Task objective: Print the whole listing again exactly, keeping no pictures in it.
━━━━━ Data excerpt ━━━━━
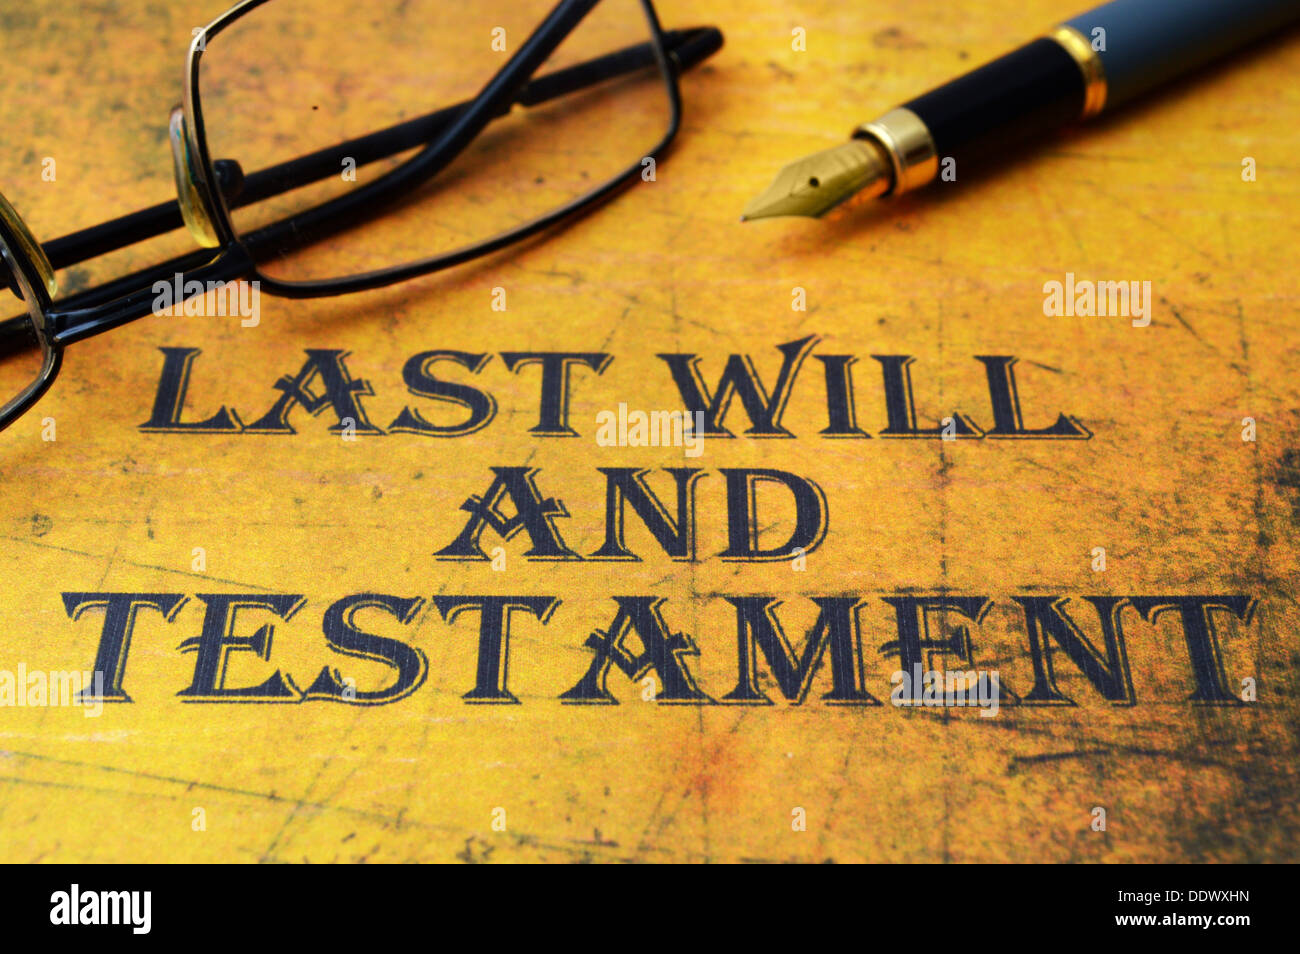 Last Will And Testament Text On Grunge Paper Stock Photo Alamy
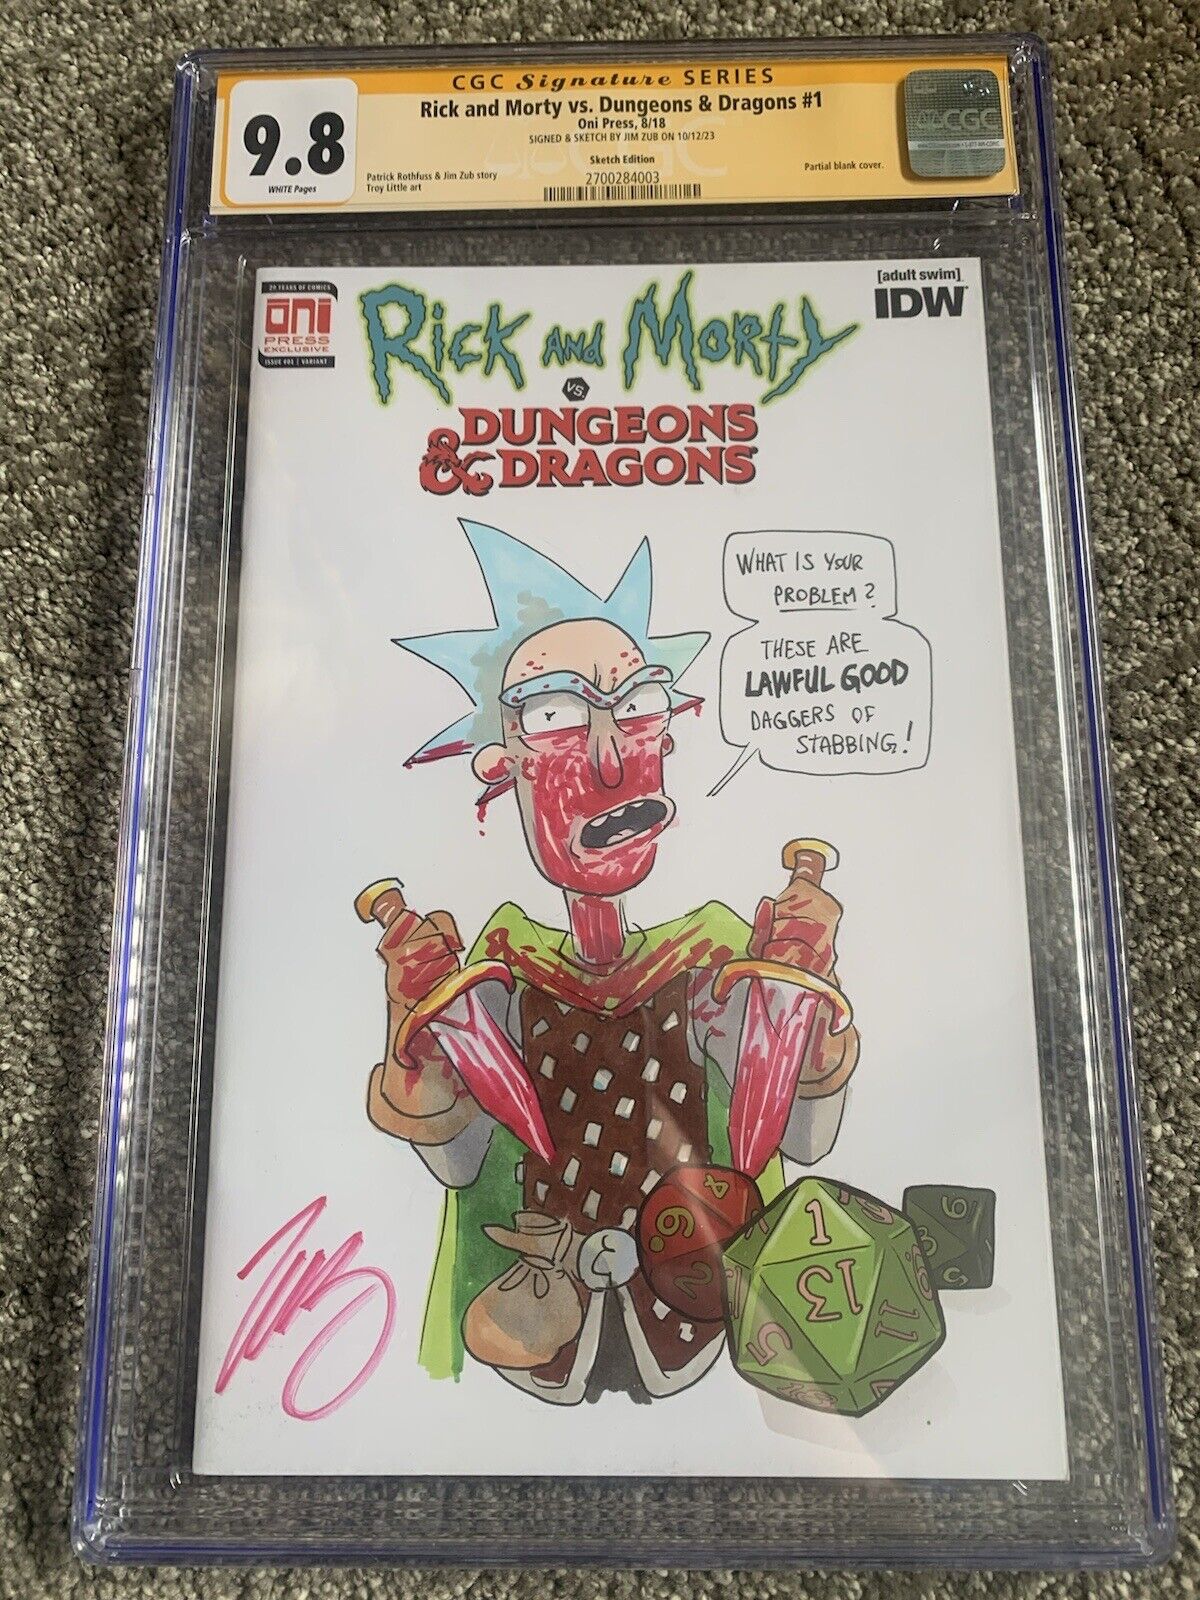 Rick and Morty vs Dungeons & Dragons 1 Signed Sketch Remark Jim Zub CGC 9.8 🔥
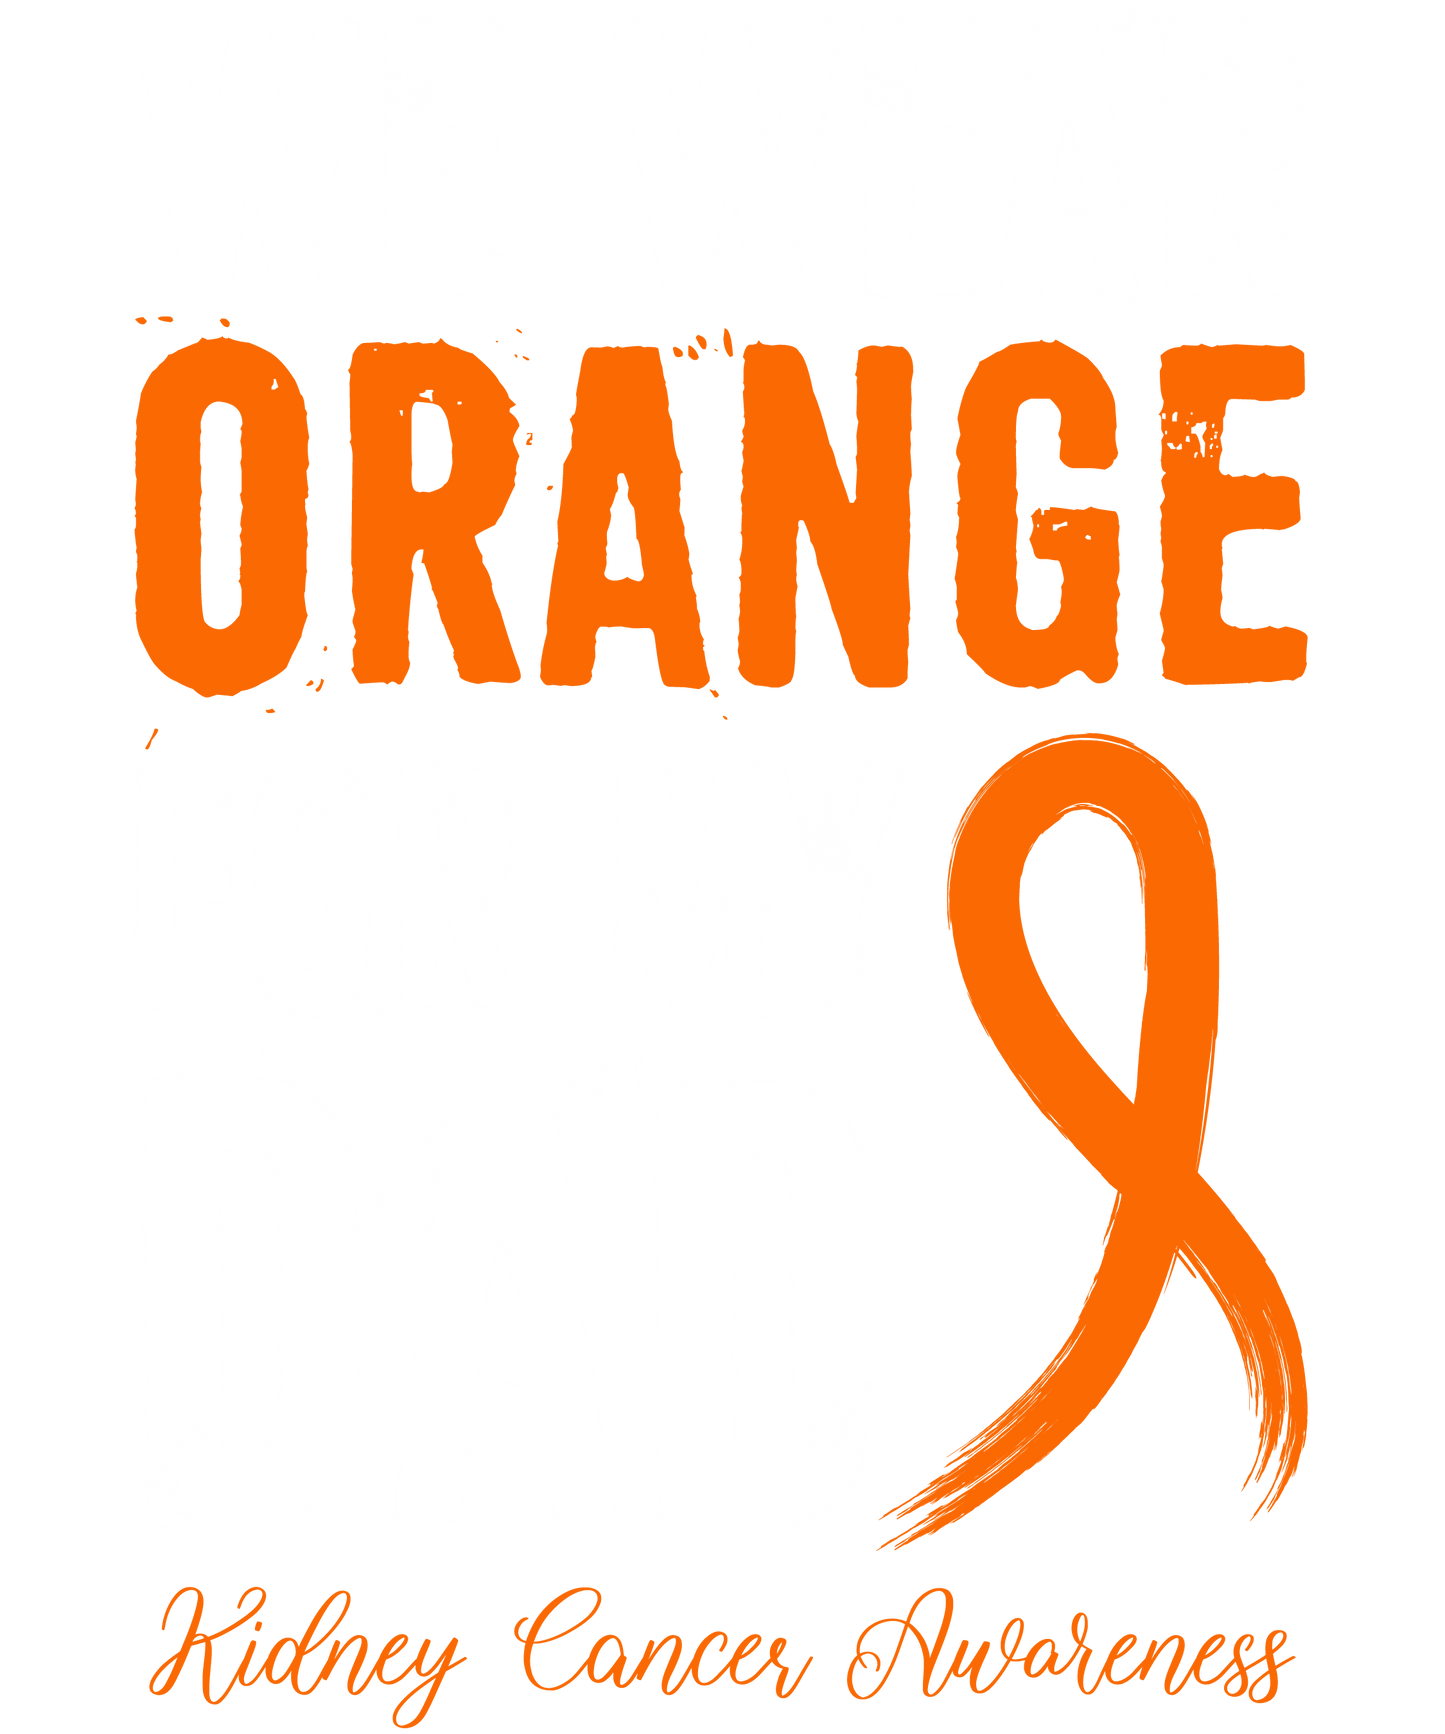 KIDNEY CANCER- FOR MY DAD
━━━━━
Answer space:
 Last Will And Testament Text On Grunge Paper Stock Photo Alamy
 Rick and Morty vs Dungeons & Dragons 1 Signed Sketch Remark Jim Zub CGC 9.8 🔥
 KIDNEY CANCER- FOR MY DAD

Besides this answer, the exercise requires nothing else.